You've been around Egyptian horses and just didn't realize it! 
IBN Galal was one of the first foundation horses for the Simeon studs straight egyptian program and is considered an SE as he was an egyptian import. 

Siglavy was a desert-bred, and there was also Kuhaylan Haifi who was used at Janow who was the sire of Ofir- *Bask's grandsire. 

Looks like a lot of your blood is also french through the Al Khamsa stallion El Sbaa. 

Interesting


----------



## dbarabians

Deserthorsewoman, I have heard that Doc Bars dam was indeed an arab or part blood. 
Take a look at all those small dished heads on some of the reiners and cutters, flowing manes tails, short backs, and small stature most have. Matt Dillon would fit right in. Shalom


----------



## deserthorsewoman

Rumonek said:


> Thank you
> Yep, ASB more of the sport-horse type. Her dam is a multiple champion in EP and Halter. Her sire is Khartoon Khlassic.
> 
> The black mare above is 16-16.1 hands and as you can see, not built small  She's from racing lines on the bottom (Her great grand-dam was a Russian import, her grandsire a 7X stakes winner). Really excited to see what she gives me with El Norus as the bay colt I posted was by him and out of a mare that was also a grand-daughter of Nykoli.
> 
> Heres Tiki's dam:
> 
> 
> 
> 
> 
> 
> 
> 
> 
> Here's one of Tiki's older brothers ponying the El Norus Colt:
> 
> 
> 
> 
> 
> 
> 
> 
> 
> 
> 
> 
> 
> 
> 
> 
> 
> El Norus colt at 2 with his owner
> 
> 
> 
> 
> 
> 
> 
> 
> 
> Sorry, not trying to take over the thread!
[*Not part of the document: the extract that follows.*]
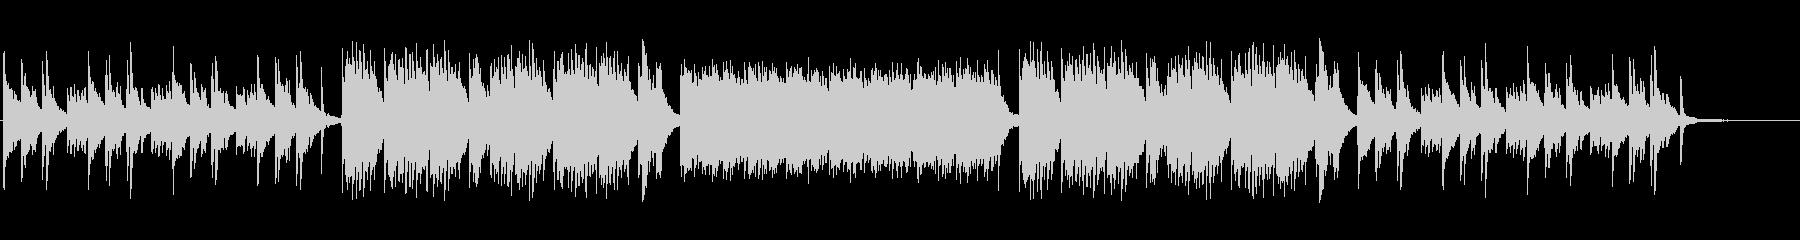 企業・CM・キラキラしたピアノソロの未再生の波形
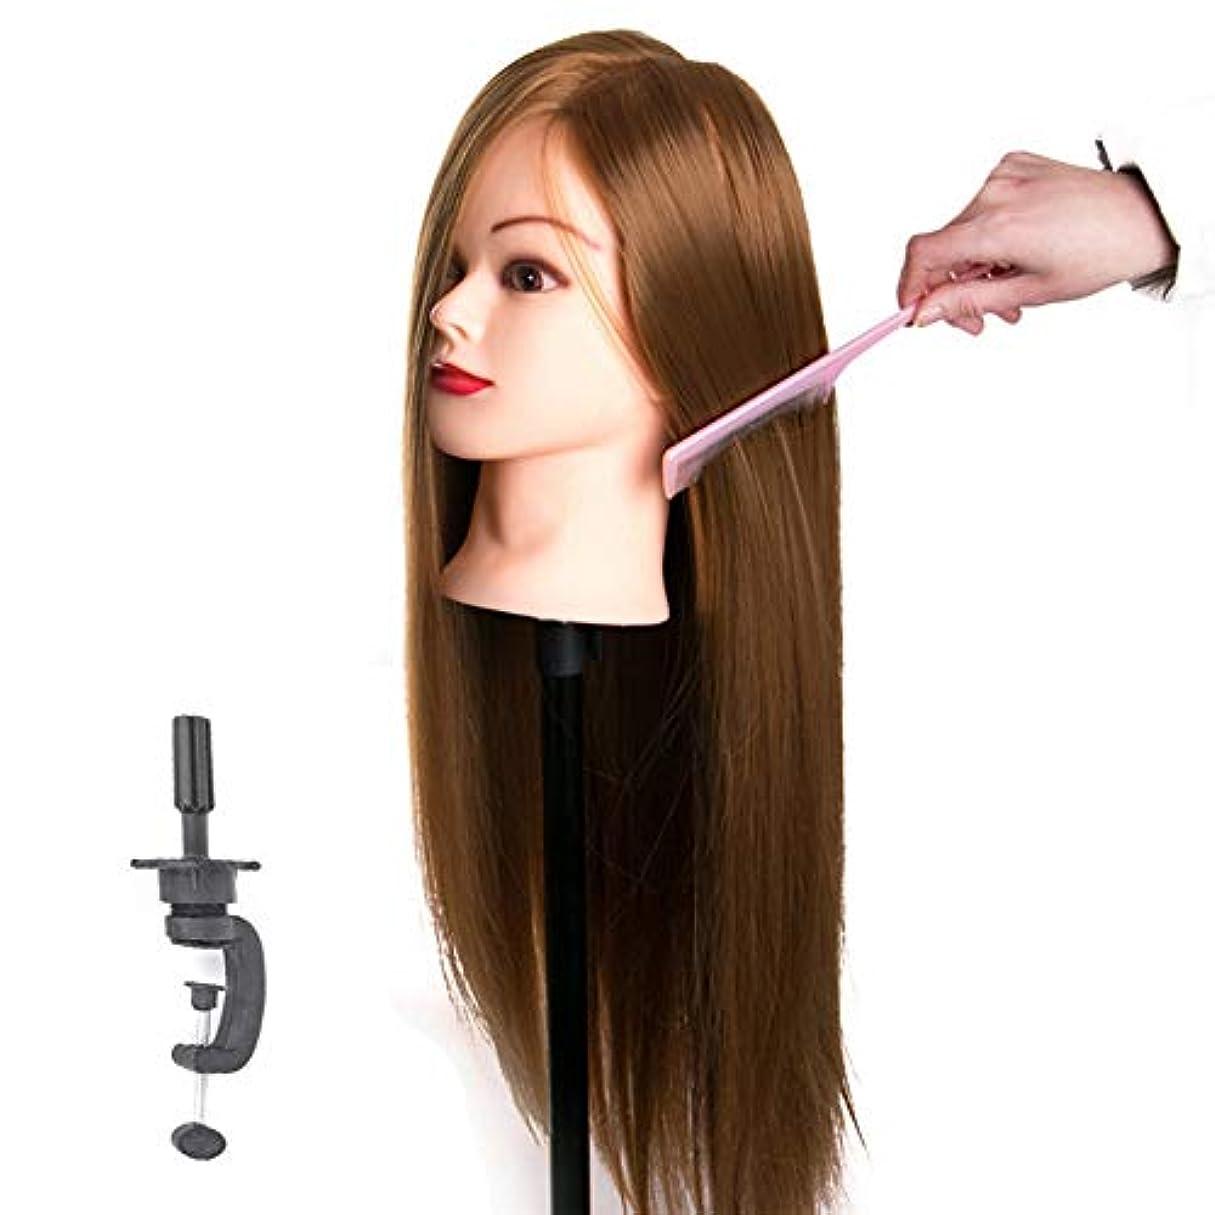 減る哀放出トレーニングヘッド美容師マネキンヘッド合成繊維美容マネキン、無料テーブルクランプスタンド付き、ブラウン

If you care to look at this pedigree:
Pekhasha Arabian
my last born.......;-)


----------



## deserthorsewoman

dbarabians said:


> Deserthorsewoman, I have heard that Doc Bars dam was indeed an arab or part blood.
> Take a look at all those small dished heads on some of the reiners and cutters, flowing manes tails, short backs, and small stature most have. Matt Dillon would fit right in. Shalom


Definitely! I remember some years ago in Germany I was inquiring about QH stallions for breeding Quarabs, a breed very new to Germany at that time. I talked to the owner of one of the most successful reining horse breeding farms. She went on and on how worthless Arabs are and maybe breeding to one of her horses would greatly improve the Arabian. I had it with her and said, "Ma'am, I hope you realize that, if it wasn't for the worthless Arabs, you would do stops and spins on a drafthorse".....


----------



## damnedEvans

Rumonek said:


> You've been around Egyptian horses and just didn't realize it!
> IBN Galal was one of the first foundation horses for the Simeon studs straight egyptian program and is considered an SE as he was an egyptian import.
> 
> Siglavy was a desert-bred, and there was also Kuhaylan Haifi who was used at Janow who was the sire of Ofir- *Bask's grandsire.
> 
> Looks like a lot of your blood is also french through the Al Khamsa stallion El Sbaa.
> 
> Interesting


 I knew that some of those lines were Egyptian but I didn't knew which. They don't look like Egyptian Arabians that I'm used to see on the internet, they are not that refined and fine boned.
This is the only one that I think is more refined







Anyway here in my country they are not interested in obtaining finer boned Arabians with a more dished face so they will keep breeding like that. I like to see the refined and dished face of an Egyptian but I think that they must be stockier than what is advertised now as being the "perfect Arabian". I want to have an Arabian to ride and not think that I may be to heavy for him at 125 lbs :lol:. They should look capable of carrying some weight while maintaining their specific look and conformation.


----------



## dbarabians

Arabians can carry weight and at a 125 you are ok. I weigh 145 and my horses are mostly 14.2. they carry me with no problems and I have ridden them 5-15 miles at a time usually. Shalom


----------



## faye

my lad was 14.3hh and regularly carried 182lbs without problems. If they have good solid flat bone then they can take the weight.


----------



## Remali

Sorry, I am rather late to this thread... I've been going to Arabian shows since 1970. The horses, and how they are presented definitely have changed a lot. If anyone says that major abuse does not exist in the Arabian show ring, they have either 1.) not attended many Arabian shows, or 2.) have their head in the sand. The show ring abuse (especially the halter horses) got to the point where I stopped going to shows for awhile.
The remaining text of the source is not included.